Another oft-confronted problem regarding the escalator position concerns qualifications.  What if the escalator position requires training that the employee would have received had he not left on military duty?  What if the position requires an examination that the employee was unable to take because s/he was away in service?  Can the employer refuse to place the veteran in the escalator position and keep him/her in the job s/he had when s/he left because s/he is not qualified for the escalator position?  The answer is if, and only if, the veteran is still not qualified to perform the duties of the escalator position after reasonable efforts are made by the employer to qualify him/her.

There’s that word again – “reasonable.”  The statute defines “reasonable efforts” as actions provided by an employer, including training, that do not place an undue hardship on the employer.  The statute defines undue hardship to mean actions requiring significant difficulty or expense.  Helpful?  Perhaps not so much.  An employer’s concept of significant difficulty or expense can be expected to differ from that of an employee who perceives s/he is being held back at work because of advantages that were provided to other employees while s/he was in military service.  It certainly seems legitimate to observe that Congress replaced one vague term — reasonable efforts — with other vague terms – undue hardship and significant difficulty or expense.

At this point, an example might be illuminating.  Take the case of an employee of a large railroad.  When the employee left for service, he was a conductor.  When he returned, most of his peers had been promoted to engineer.  It seemed a fair inference that, had our conductor never left for military service, it was reasonably certain that he would have become an engineer.  However, there were prerequisites for becoming an engineer, not the least of which were Federal licensing requirements.  Candidates were required to take a training course.  One such course was scheduled to begin soon after the conductor returned from military service.  He asked to be allowed to take the class and was told no, he had to wait for the next one.  The railroad’s position was essentially one of undue hardship, that the class was already full, that candidates were traveling to the class from out of state, that arrangements had already been made, etc.  As it turned out, the next class didn’t begin until almost a year later, so the conductor lost out on one year in the escalator position.  Under these circumstances, did the railroad undertake reasonable efforts to qualify the returning veteran as an engineer?  “Reasonable” minds could differ.  The only sure thing is that the vagueness of this standard spawns litigation.

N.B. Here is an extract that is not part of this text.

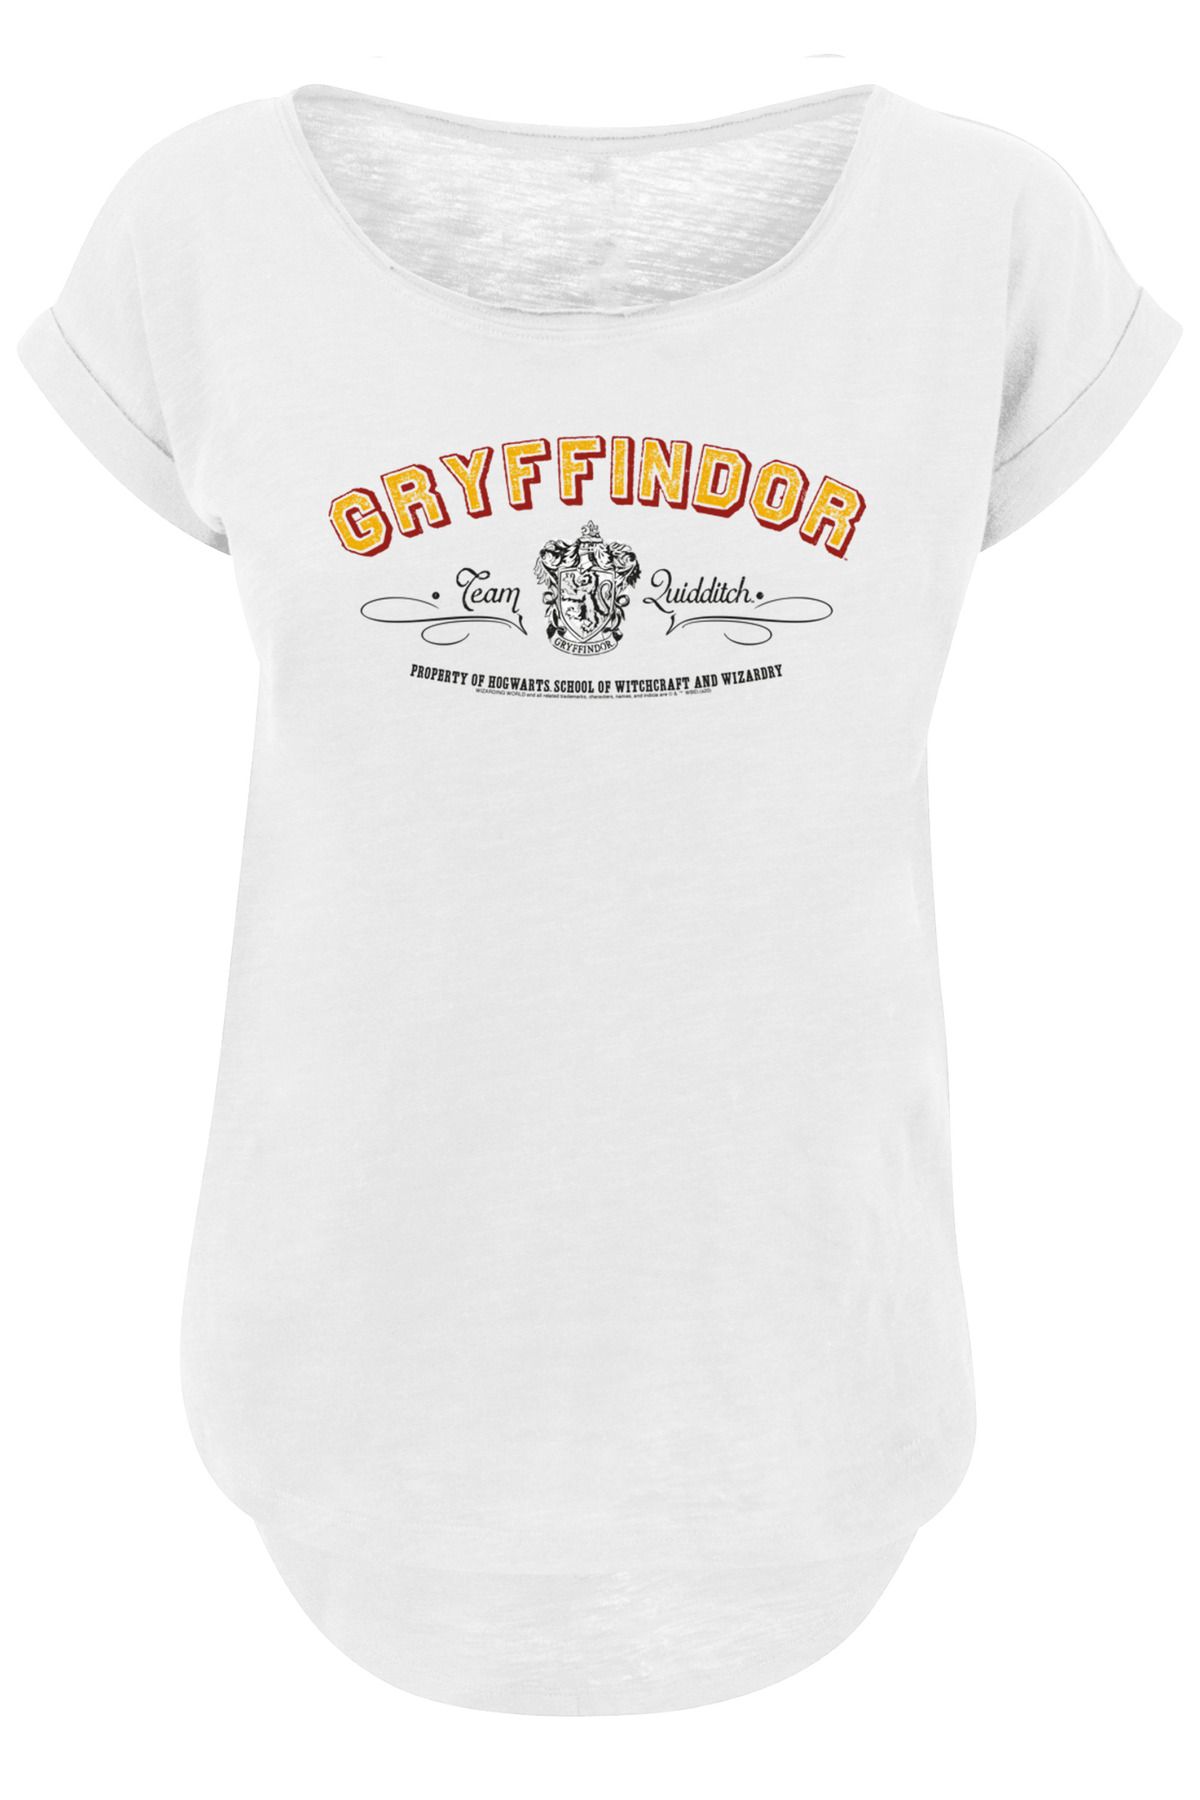 F4NT4STIC Harry Potter Gryffindor Team Trendyol Damen Slub-T mit Quidditch - -Shirt für für langem Damen

It is worth noting that the only burden USERRA imposes on the returning veteran with regard to his/her right to reemployment is to give timely notice of his/her intention to return to work.  Theoretically, it is up to the employer to determine what position the employee would have occupied had s/he not left and, if further qualification is necessary, to make reasonable efforts to qualify the veteran for that position.  As a practical matter, however, the heavy lifting on this issue is left to the returning veteran, who must find out who was promoted while s/he was away, what s/he has to do to get promoted and badger the employer to give him/her the opportunity to become qualified for the escalator position.  Not surprisingly, these issues are fraught with disagreement.